(SUPPLIED MATERIAL):
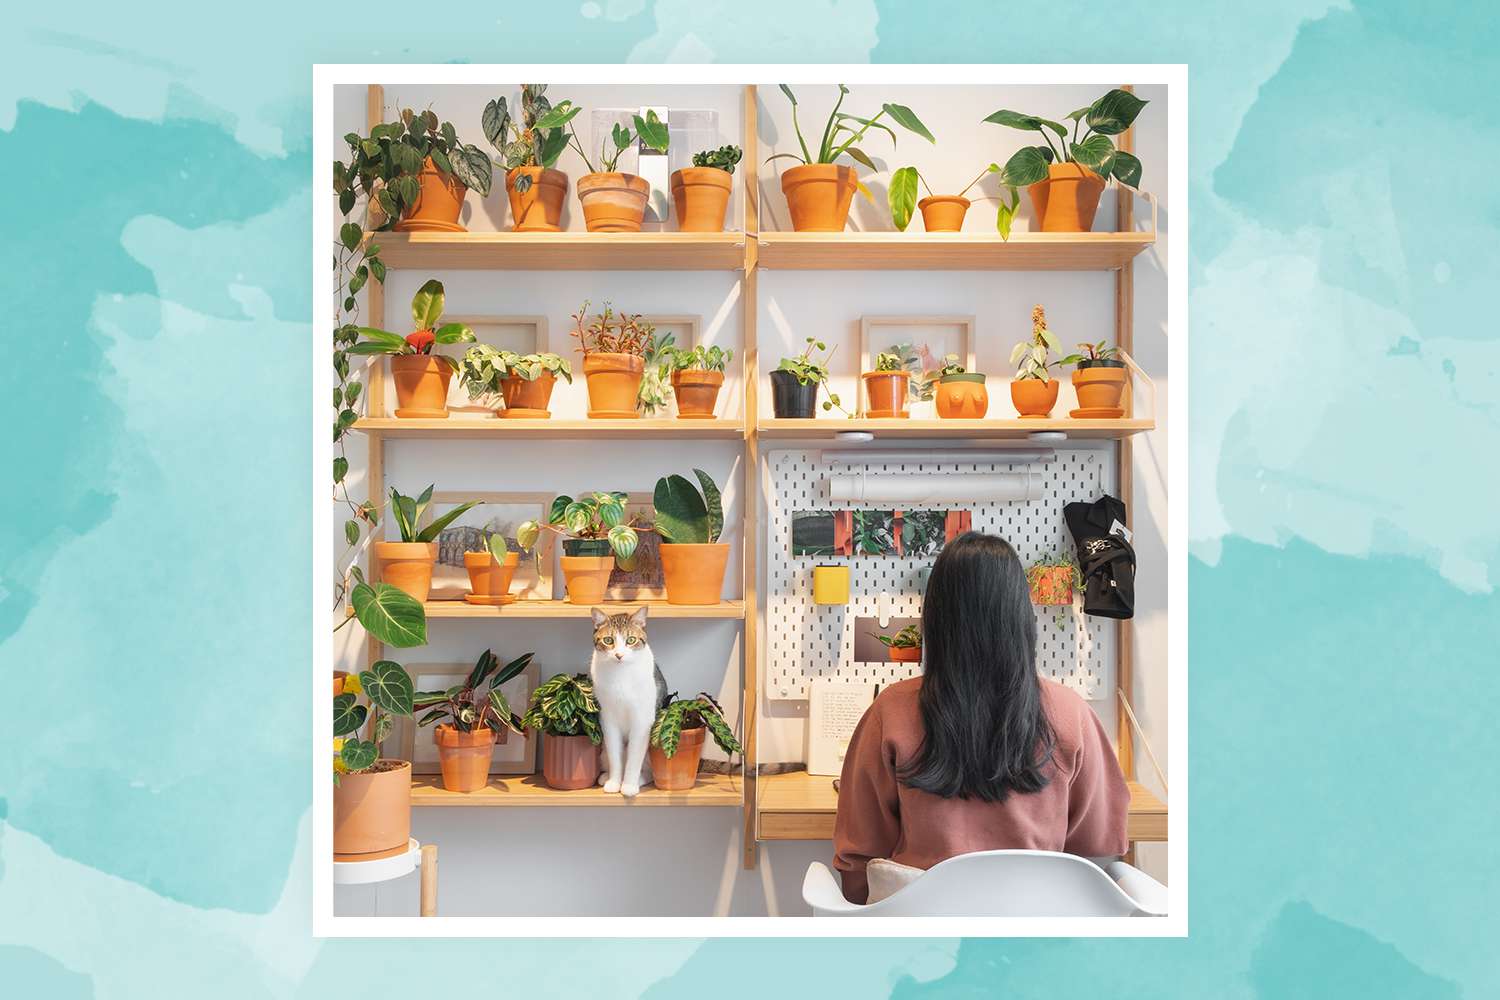 Vionna Wai, Gründerin von @FelineJungle, arbeitet in der Nähe ihrer Pflanzenwand in ihrem Arbeitsbereich zu Hause
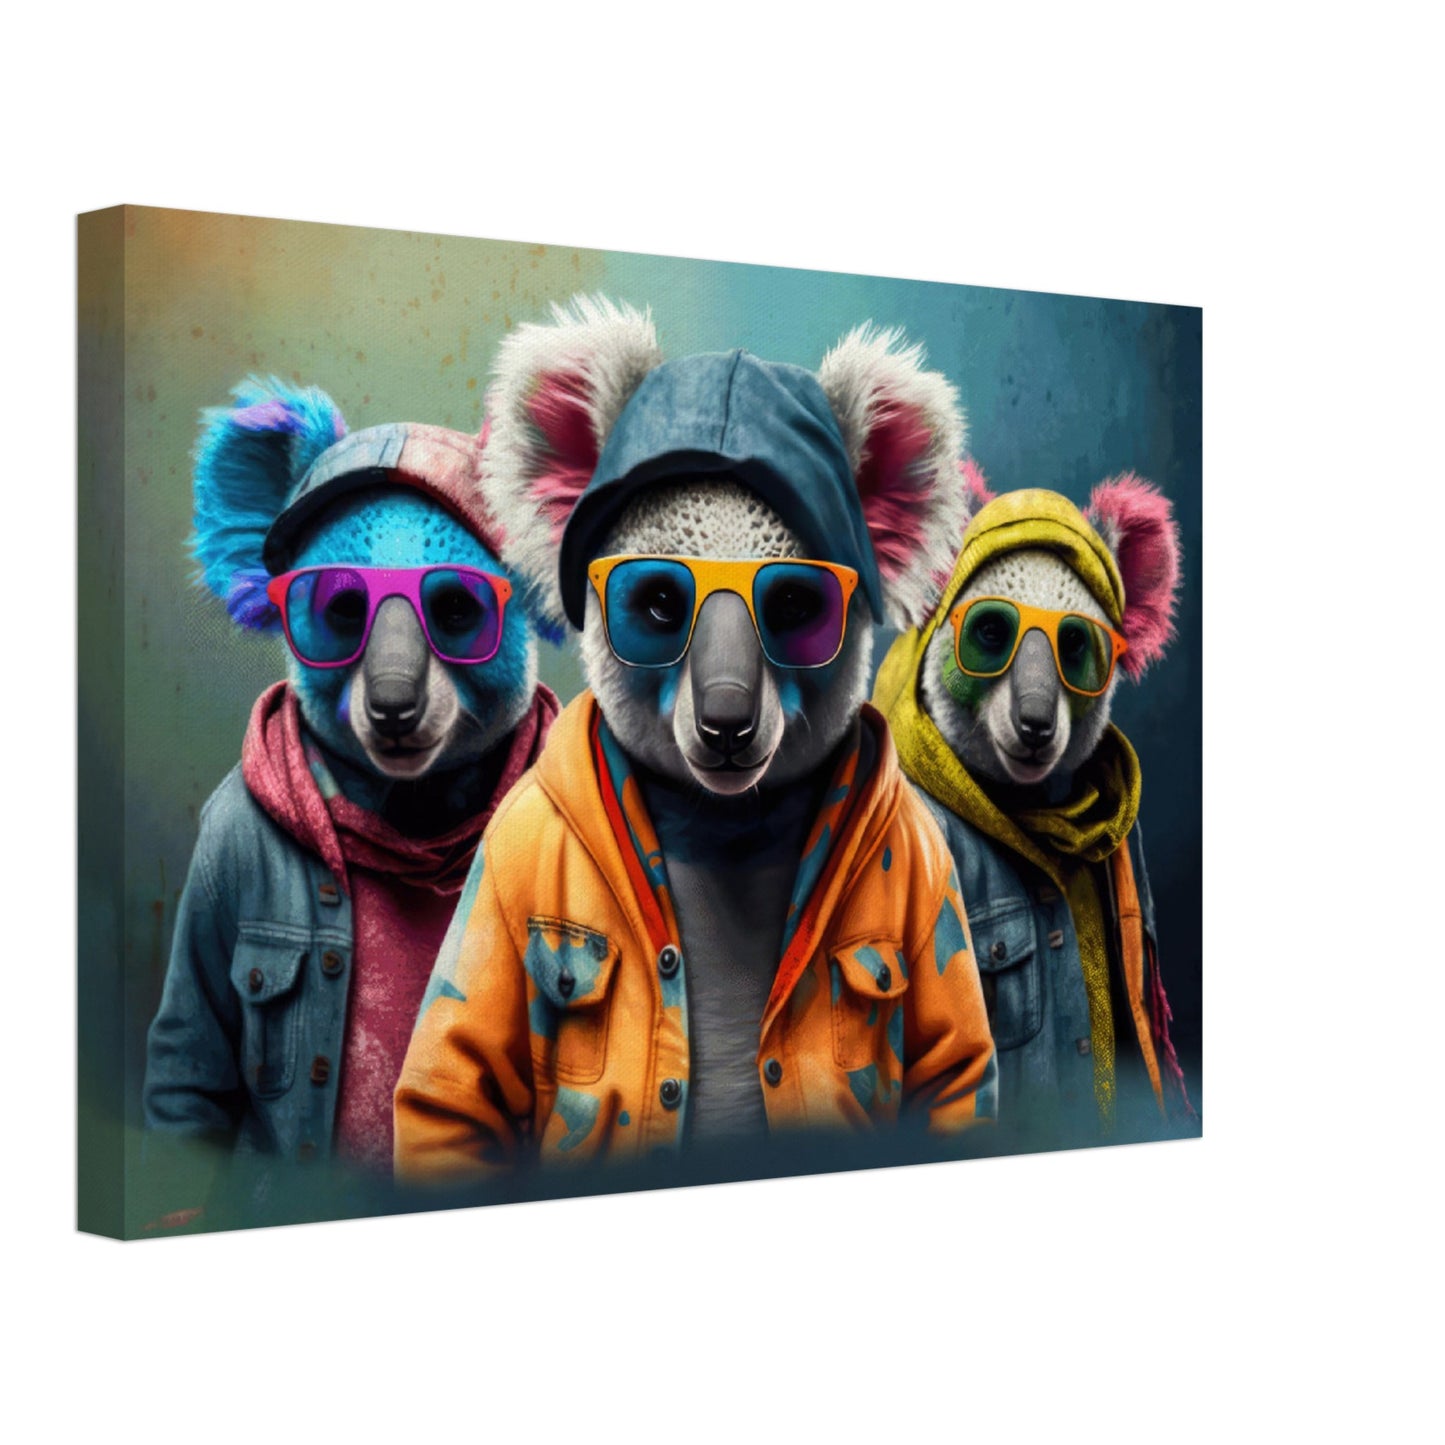 Down Under Delights - Koala Wandbild - Crazy Wildlife Leinwand ColorWorld im Querformat - Coole Tiere & Animals Kunstdruck
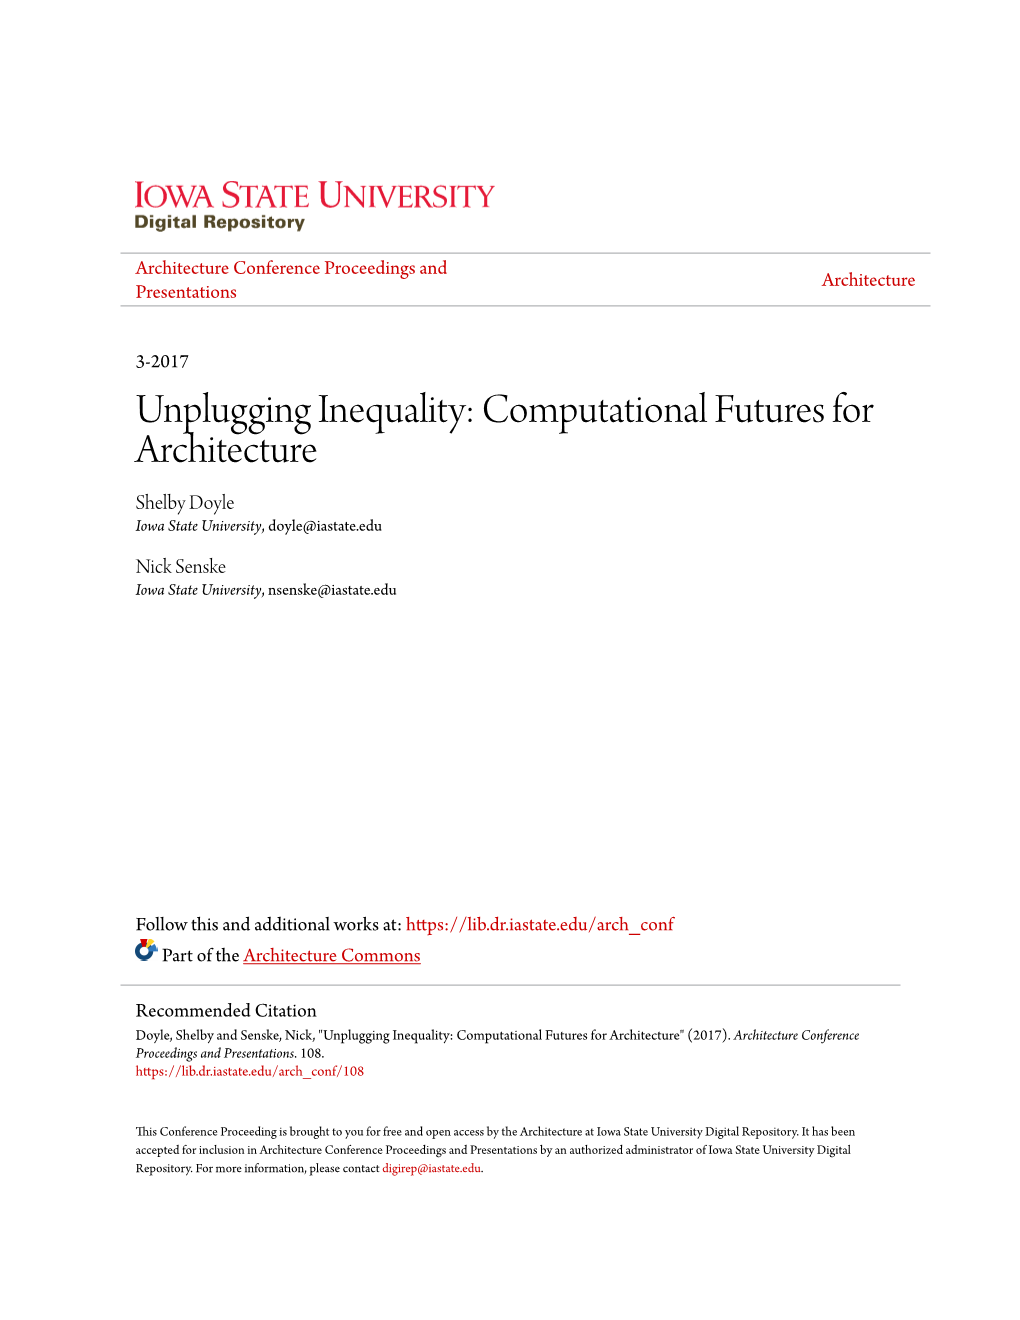 Unplugging Inequality: Computational Futures for Architecture Shelby Doyle Iowa State University, Doyle@Iastate.Edu

(DIRECTIONS): What is needed is a word-for-word copy of the data, minus its pictures.

(RESPONSE AREA):
 Vionna Wai, Gründerin von @FelineJungle, arbeitet in der Nähe ihrer Pflanzenwand in ihrem Arbeitsbereich zu Hause
 Down Under Delights - Koala Wandbild - Crazy Wildlife Leinwand ColorWorld im Querformat - Coole Tiere & Animals Kunstdruck
 Unplugging Inequality: Computational Futures for Architecture Shelby Doyle Iowa State University, Doyle@Iastate.Edu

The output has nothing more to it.